(Beginning of EXERCISE DATA)

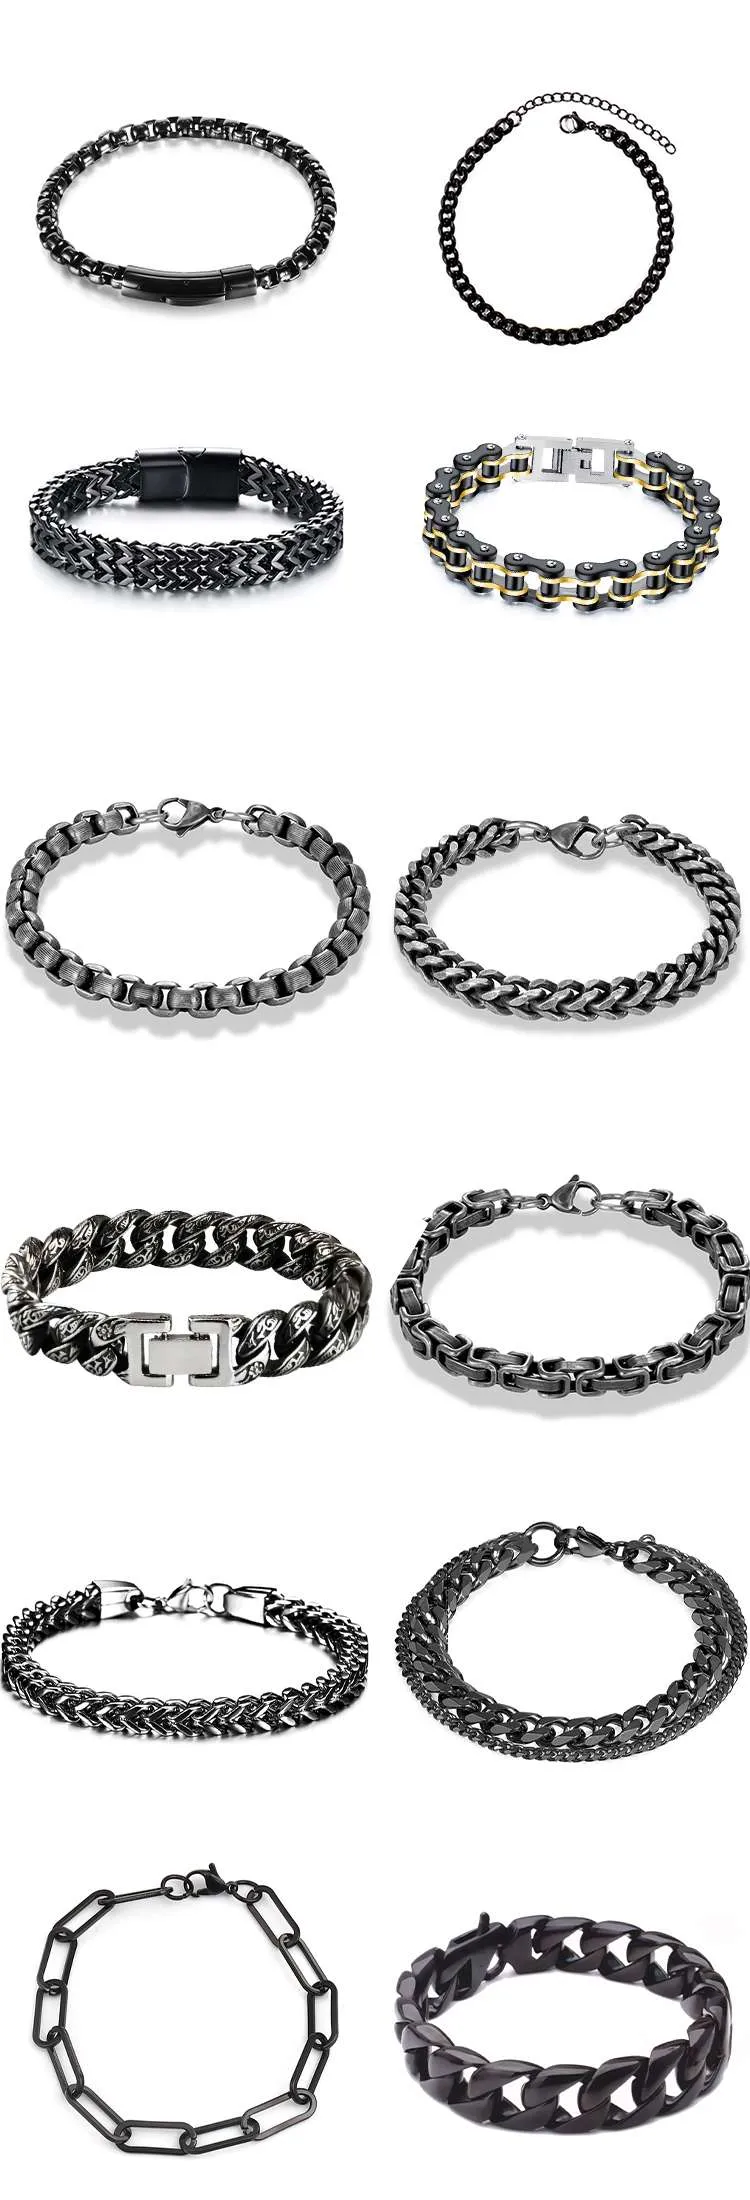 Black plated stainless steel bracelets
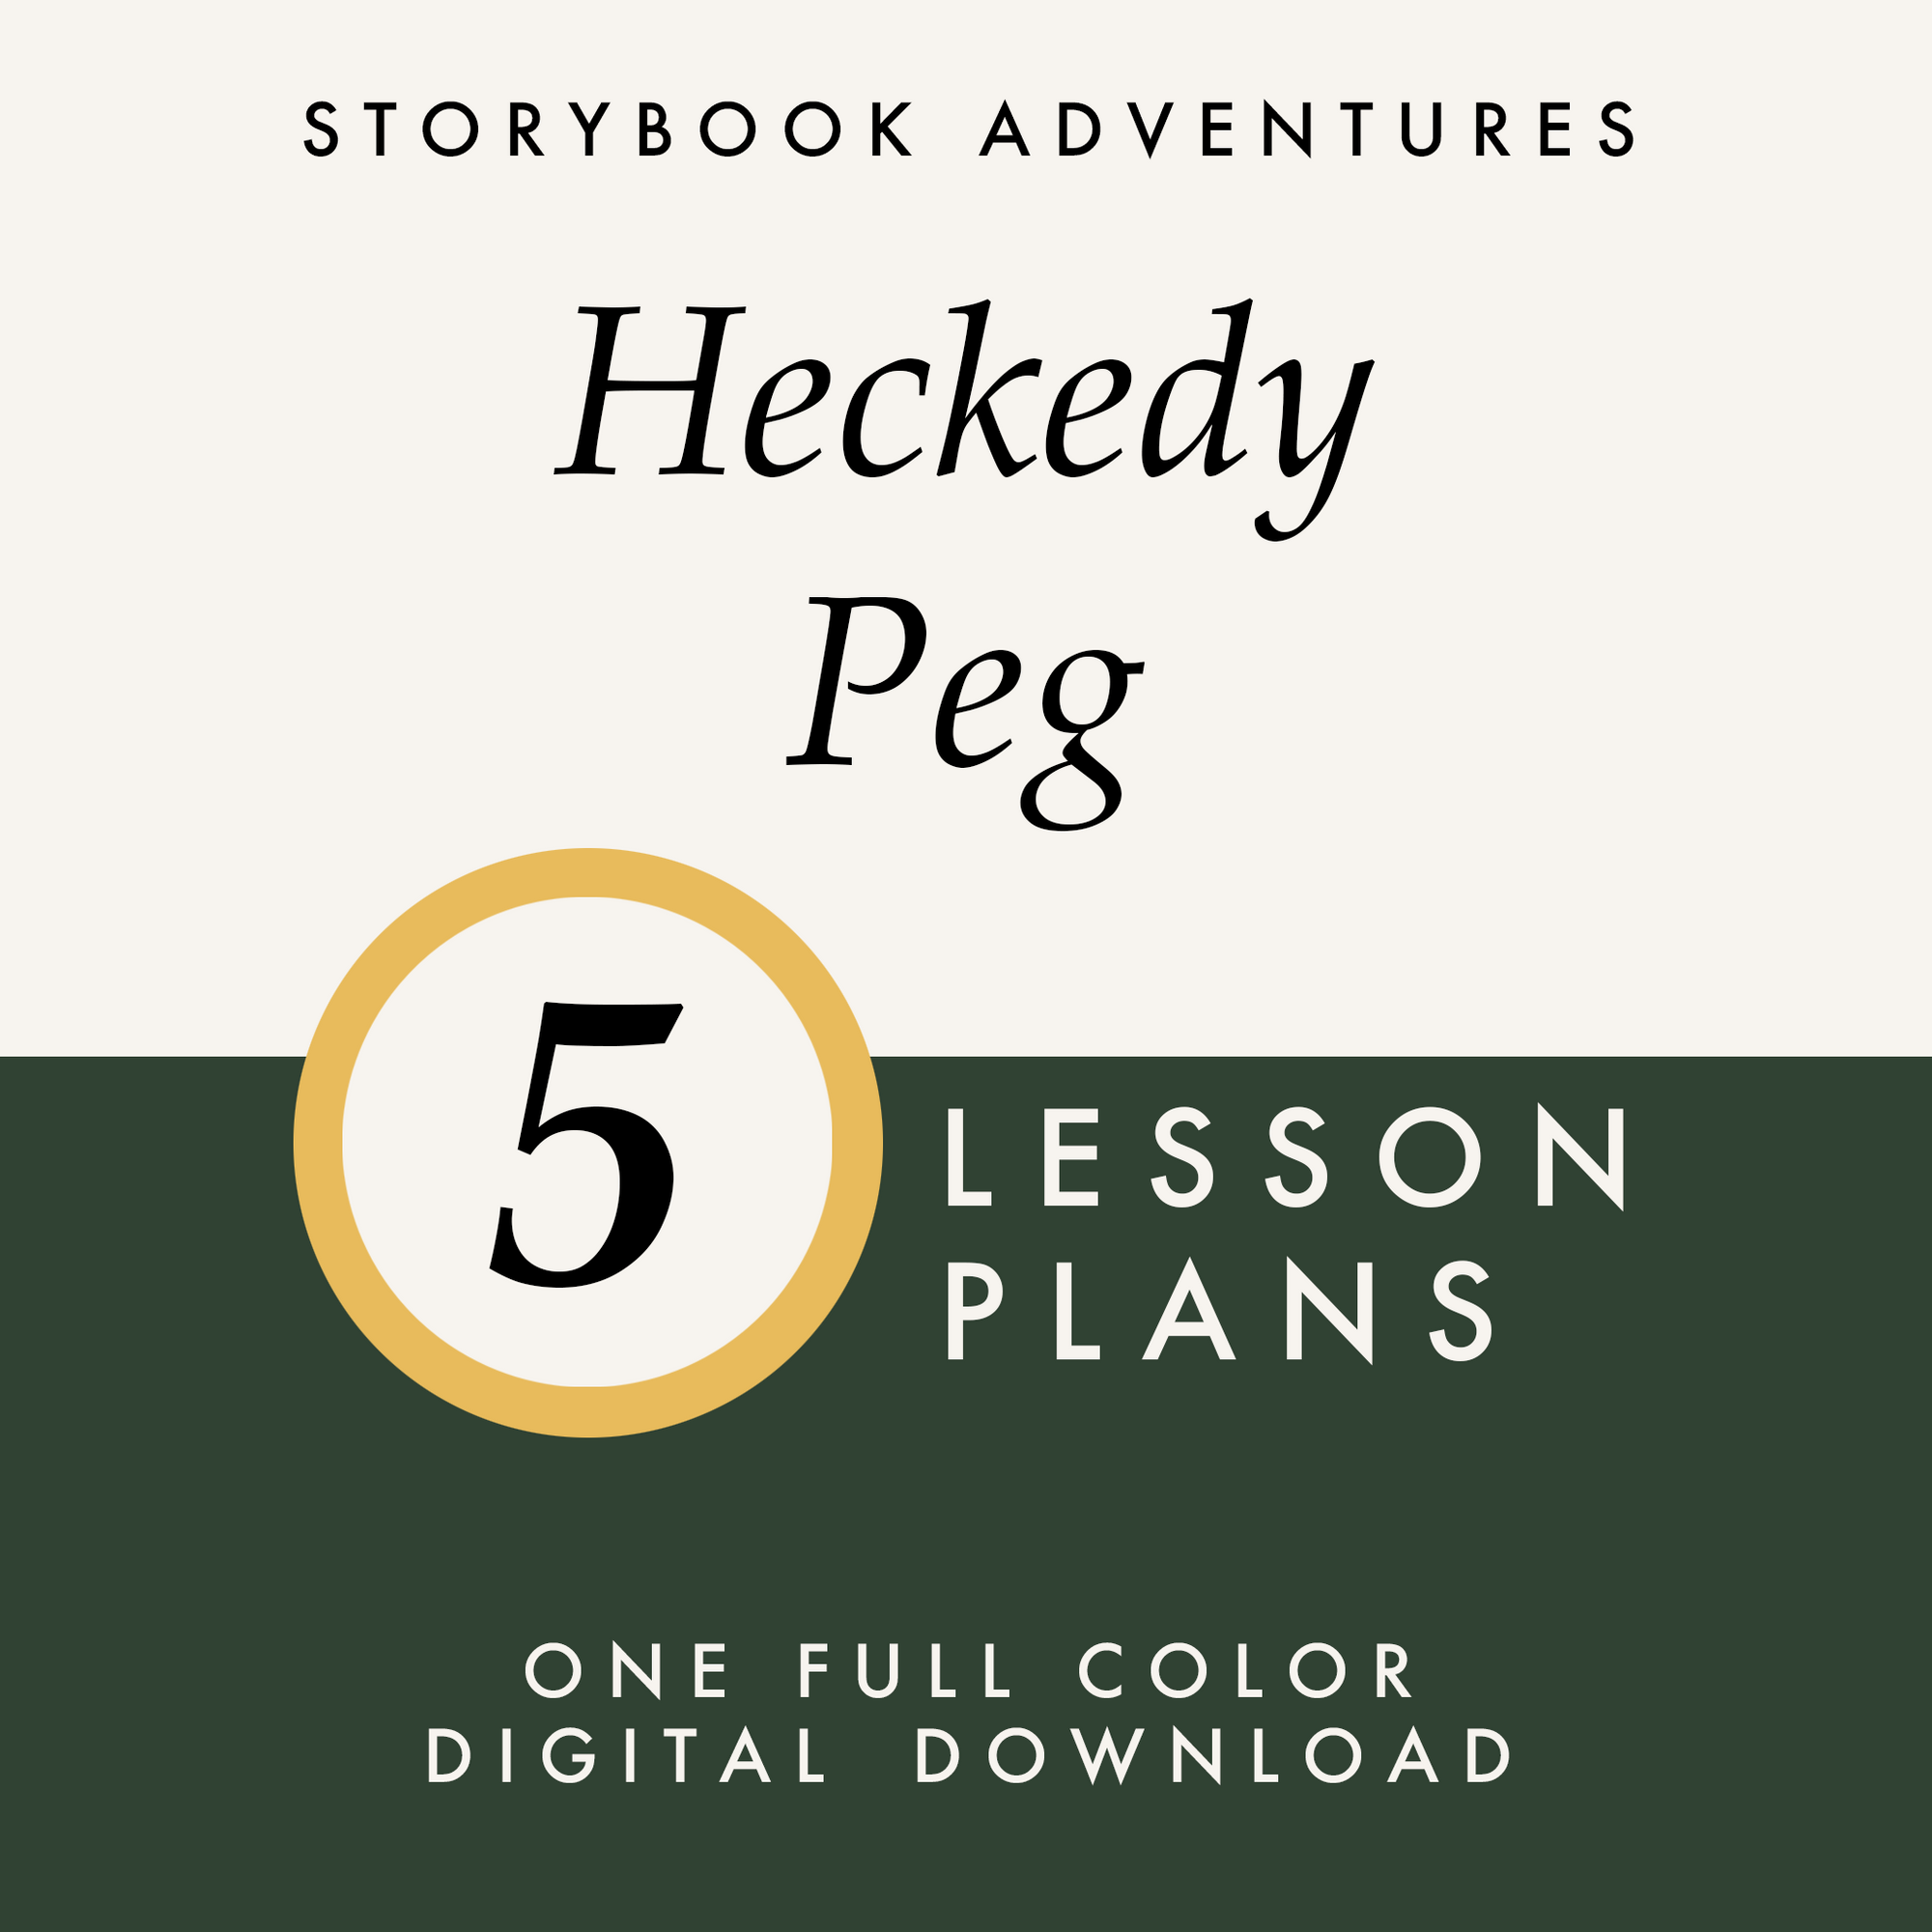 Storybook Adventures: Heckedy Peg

(End of EXERCISE DATA)
(Beginning of EXERCISE DATA)

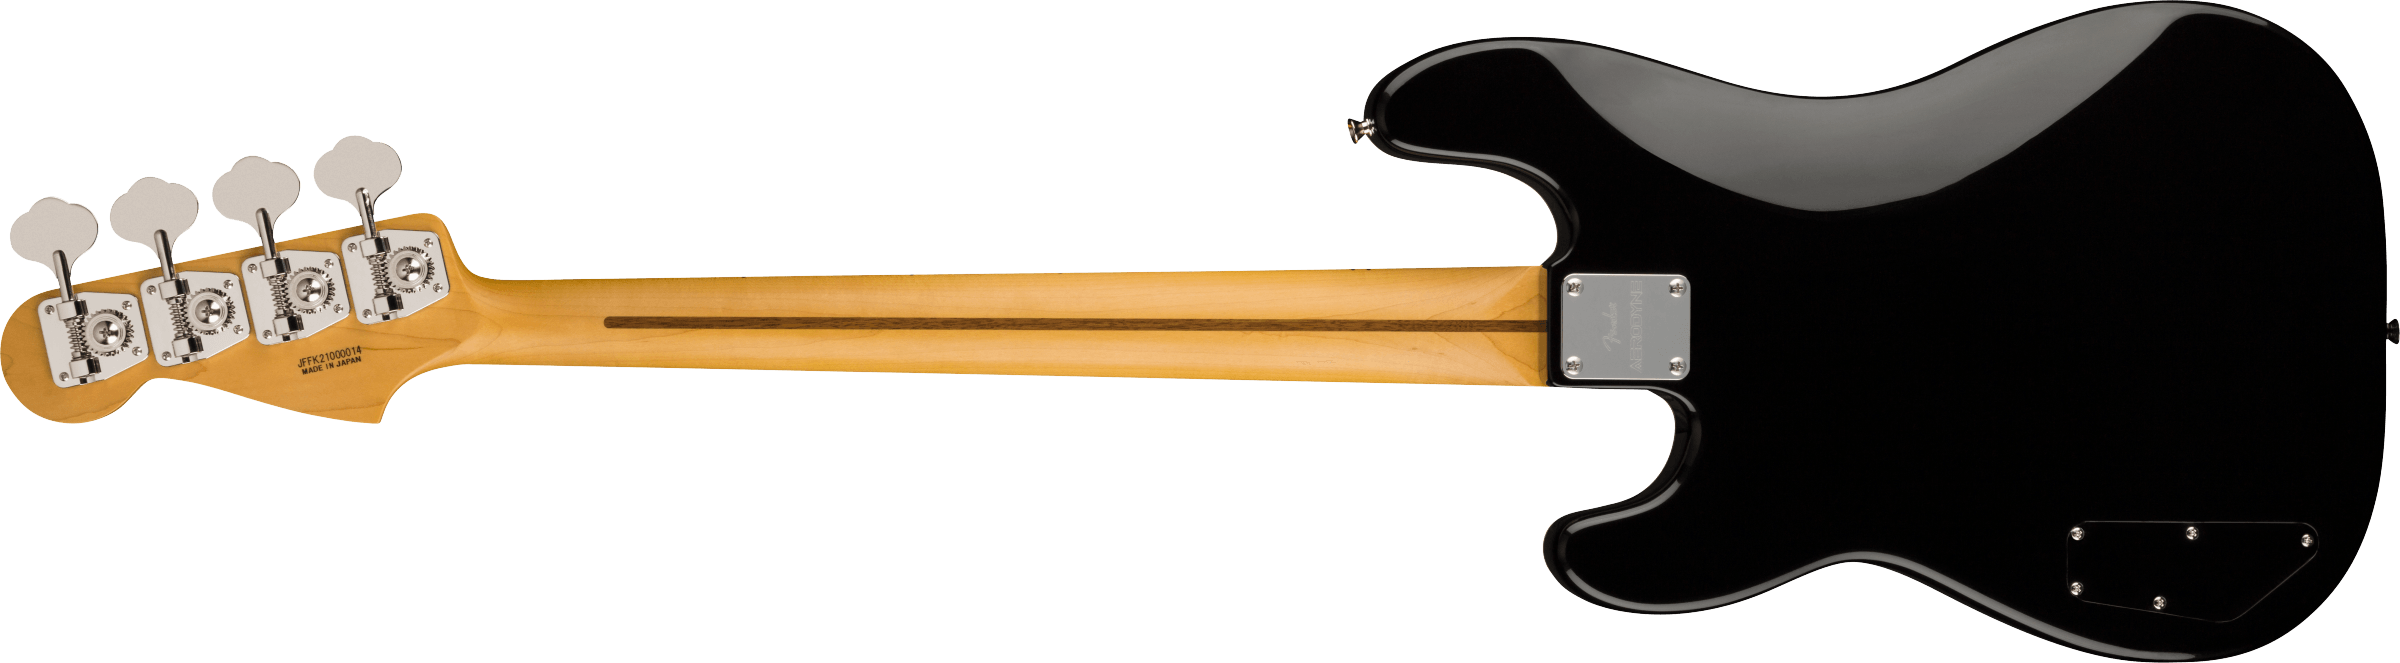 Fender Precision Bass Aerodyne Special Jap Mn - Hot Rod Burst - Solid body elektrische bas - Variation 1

(End of EXERCISE DATA)

● **YOUR TASK**: Above are records with pictures. Reproduce exactly only the lines from the line with "Black plated stainless steel bracelets" through the line with "Storybook Adventures: Heckedy Peg", both ends included, and leave the pictures out.

● **TASK ANSWER**:
 Black plated stainless steel bracelets
 Storybook Adventures: Heckedy Peg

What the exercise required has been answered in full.